Si sbriciola il ponte storico

Si sbriciola il ponte storico PACHINO - Si è sbriciolato nella notte tra mercoledì e giovedì una fiancata del ponte di via XXV Luglio, rovinando su un cantiere posto a fianco nel quale si stavano costruendo le fondazioni di un edificio. Nel crollo avvenuto fortunatamente di notte, quando nessuno transitava sul ponte stesso e il cantiere edile era deserto, non ci sono stati né morti né feriti, e per questo in molti hanno gridato al miracolo dato che, se il crollo fosse avvenuto di giorno quando il personale del cantiere era al lavoro, il bilancio poteva essere tragico.

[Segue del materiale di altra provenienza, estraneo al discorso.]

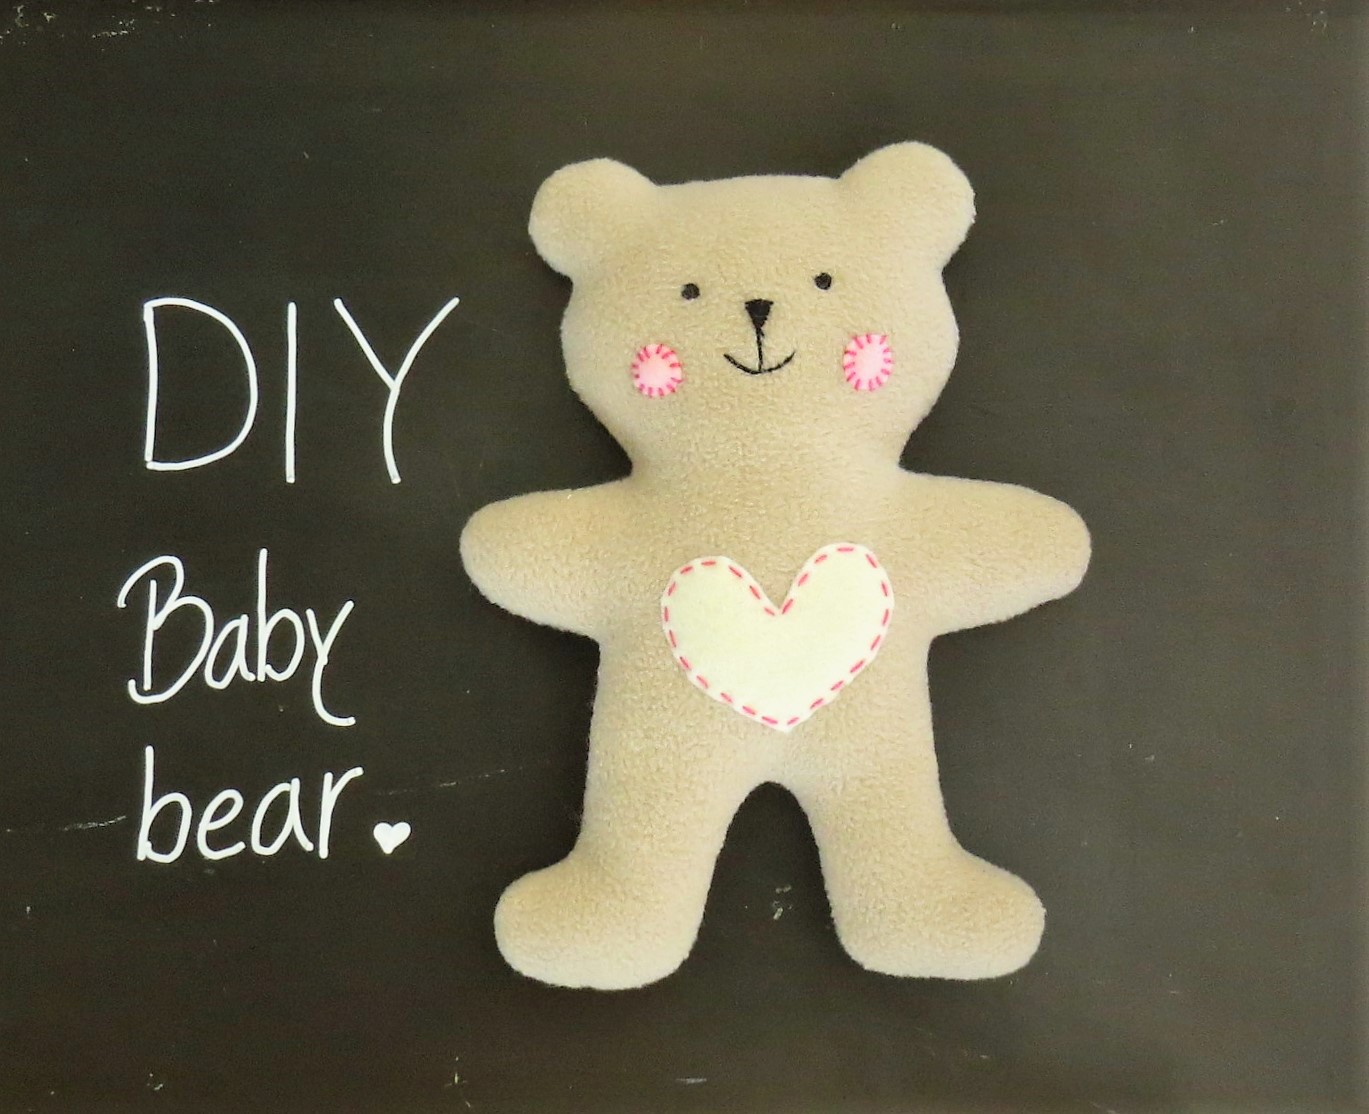 DIY teddy bear free pattern and tutorial

Oltre venti metri prima dell'inizio della prima arcata del ponte in cemento armato, ha ceduto sbriciolandosi in un cumulo di terra e detriti. È giunta così all'epilogo la storia di un ponte che ormai da quasi un decennio è transennato ed interdetto ai pedoni poiché necessitava urgentemente di una manutenzione straordinaria sempre rinviata. Qualche mese fa il deputato regionale Pippo Gennuso si era recato sul posto insieme al consigliere comunale Midolo per constatare di persona lo stato dei luoghi, promettendo il suo intervento alla Regione per sbloccare dei fondi di protezione civile che potevano essere utilizzati per il ripristino della struttura. Da tempo infatti è stato deciso che l'unica via per il reperimento della somma necessaria era legato all'utilizzo dei fondi regionali di protezione civile, ma nonostante da tempo il progetto di recupero fosse stato approntato dall'architetto Gaetano Sarta, nulla è stato fatto. L'assessore comunale alla protezione civile Antonino Augugliaro non appena avuta la notizia del crollo del ponte, si è messo subito all'opera.

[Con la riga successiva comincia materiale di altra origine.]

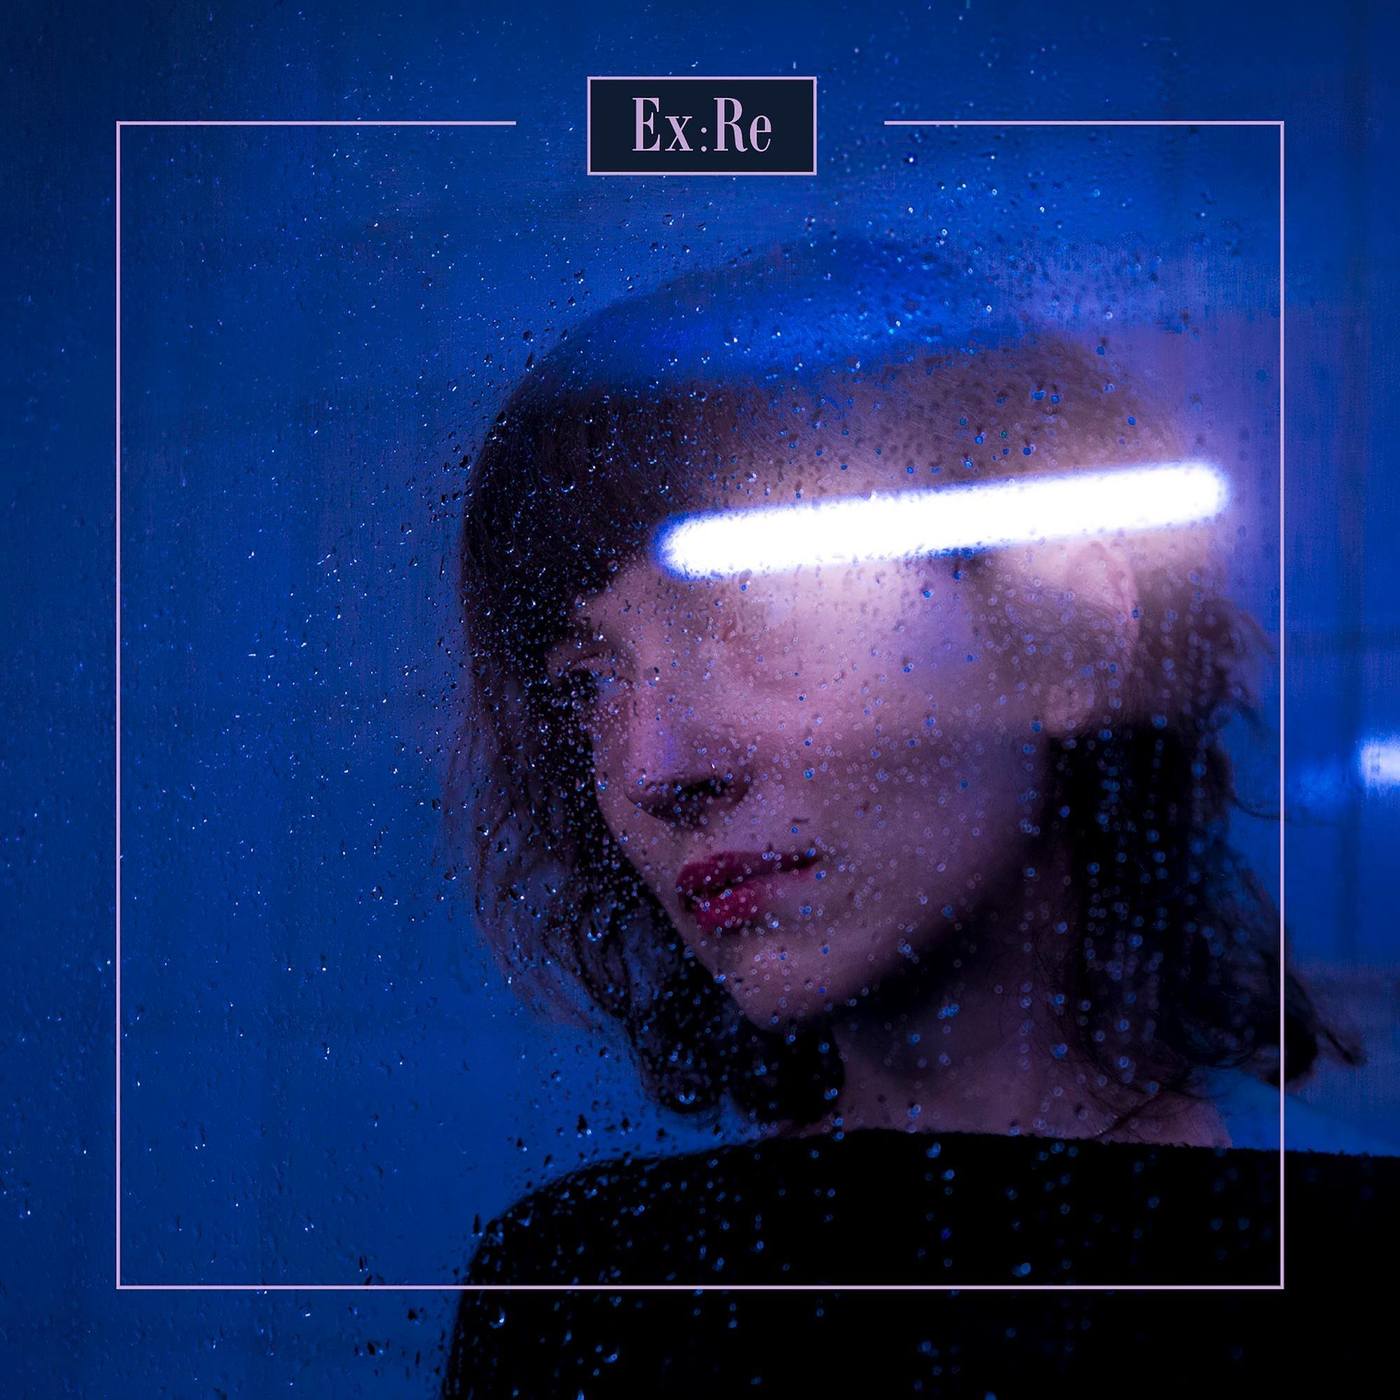 imagen 1 de Ex:Re y la compositora Josephine Stephenson reinterpretan su doloroso disco de debut.

“In primo luogo, -ha affermato- ci siamo messi subito in moto per transennare la zona ed interdirla al passaggio pedonale. Attendiamo ora le relazioni tecniche che saranno inviate immediatamente all'ingegnere Cocina della Regione al fine di accelerare le procedure per ottenere i finanziamenti necessari che a questo punto sono ormai urgentissimi. L'iter era già avviato, ma ora non è più possibile attendere neanche un'ora in più del dovuto”.
Dal punto di vista tecnico invece è intervenuto l'assessore ai lavori pubblici Sebastiano Zocco, a cui è stato chiesto se ora, alla luce del crollo, sarà necessario rivisitare il progetto già redatto e chiedere dei fondi supplementari. “Nulla di tutto questo, -ha affermato Zocco- poiché nel progetto era già previsto il miglioramento statico della struttura. Ci stiamo già adoperando per fare tutto quanto è necessario al fine di porre rimedio a quanto accaduto ivi compreso la verifica di eventuali responsabilità in merito al crollo”. Zocco fa riferimento alla presenza di un cantiere edile nelle immediate vicinanze della struttura in cui era stato realizzato uno sbancamento di terra per realizzare le fondamenta di un edificio di nuova costruzione. “Ad oggi è prematuro parlare di eventuali responsabilità, -ha affermato Zocco-. È ovvio però che darò indicazioni affinché si possa appurare se i lavori del vicino cantiere abbiano avuto rilevanza nel crollo”. Per motivi di sicurezza oltre ad essere interdetta al traffico la parte superiore, è stata transennata anche la parte sottostante alle arcate del ponte anche se a cedere non è stata la parte in cemento armato ma la fiancata laterale che poggiava su terra e materiale di riempimento.